'Cars: Accelerating the Modern World' explores how the car as a driving force has accelerated the pace of change over the past century.
This exhibition brings together 15 diverse cars to tell extraordinary stories about design and the car's impact on the broader world. These cars include the first production car in existence; an autonomous flying car; a converted low-rider; and a 1950s concept car. Many of these cars have never been on show in the UK before, and their display will be uniquely juxtaposed with a diverse collection of products, fashion, graphics, photography and film, to draw connections to wider spheres of design and public life.
As we stand at a new turning point in mobility design, this exhibition acts as a looking-back-to-look-forward – to understand our past blunders and achievements in order to better imagine how we want to move in the future.

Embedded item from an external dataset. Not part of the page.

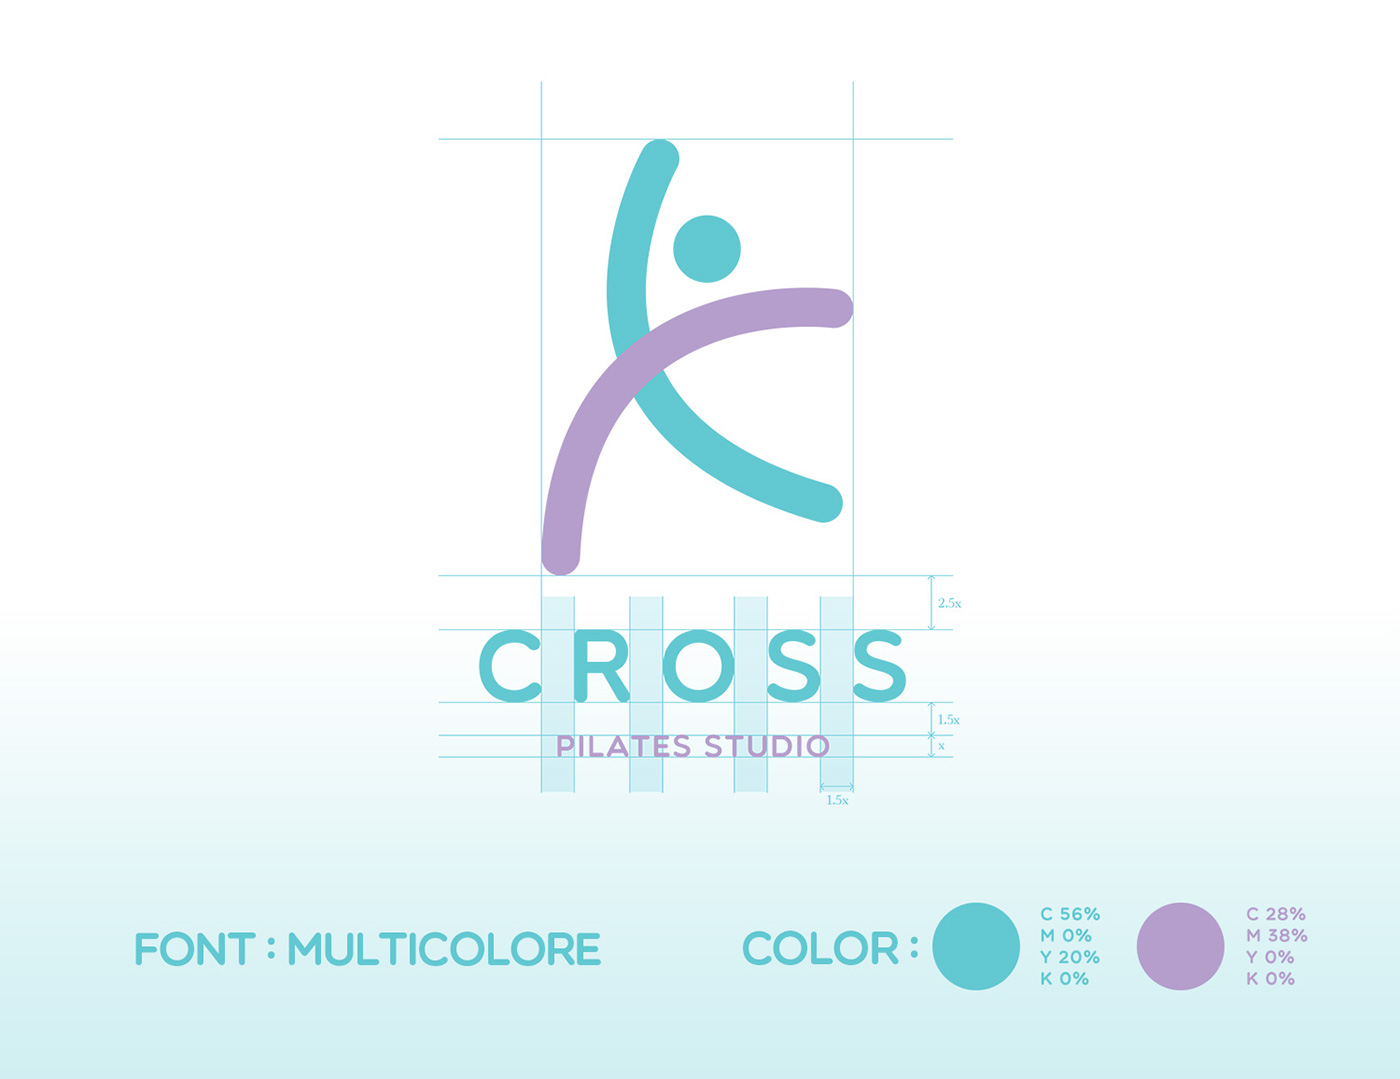 Pilates studio design logo +branding+

The exhibition is divided into three sections:
Going Fast
'Going Fast' opens the exhibition by exploring the role of the automobile in imagining a future world of liberated movement and as a symbol of technological progress. It looks at how the urge to go fast pushed not only the design of automobiles, but also shaped a visual culture and aesthetic that dominated the first half of the 20th century. This section ends by looking at the tension between two opposing forces – the desire for the thrill of speed and the imperative of safety.
Making More
'Making More' explores the car as the archetype of modern manufacturing – the object that developed contemporary consumerism and turned car production companies into global powerhouses. Starting with Henry Ford's first moving assembly line, this section looks at the vast influence car manufacture has had in shaping the ways we think about work and production: from bombastic factory designs, to early cultural celebrations of mass production, to growing unionisation and the threat of automation. This section also looks at how techniques developed to sell mass-produced cars helped inspire a new consumer society, using annually updated models, colour ranges, and spectacular events and marketing, to turn cars from utilitarian machines into objects of desire.
Shaping Space
'Shaping Space' explores the sprawling impact of the car on the world's landscapes and nation-building efforts. It looks at how the car inspired the growth and later dependence on a global petrol economy, creating vast landscapes of extraction and accelerating climate change in turn. It follows by looking at various attempts to find environmental alternatives, and the landscapes of lithium extraction that will dominate the new electric economy. It also looks at the impact the car has had in developing and modernising nation-states, from highway building programs to national car-ownership programs, and the complexities and contradictions that globalisation has brought to the industry.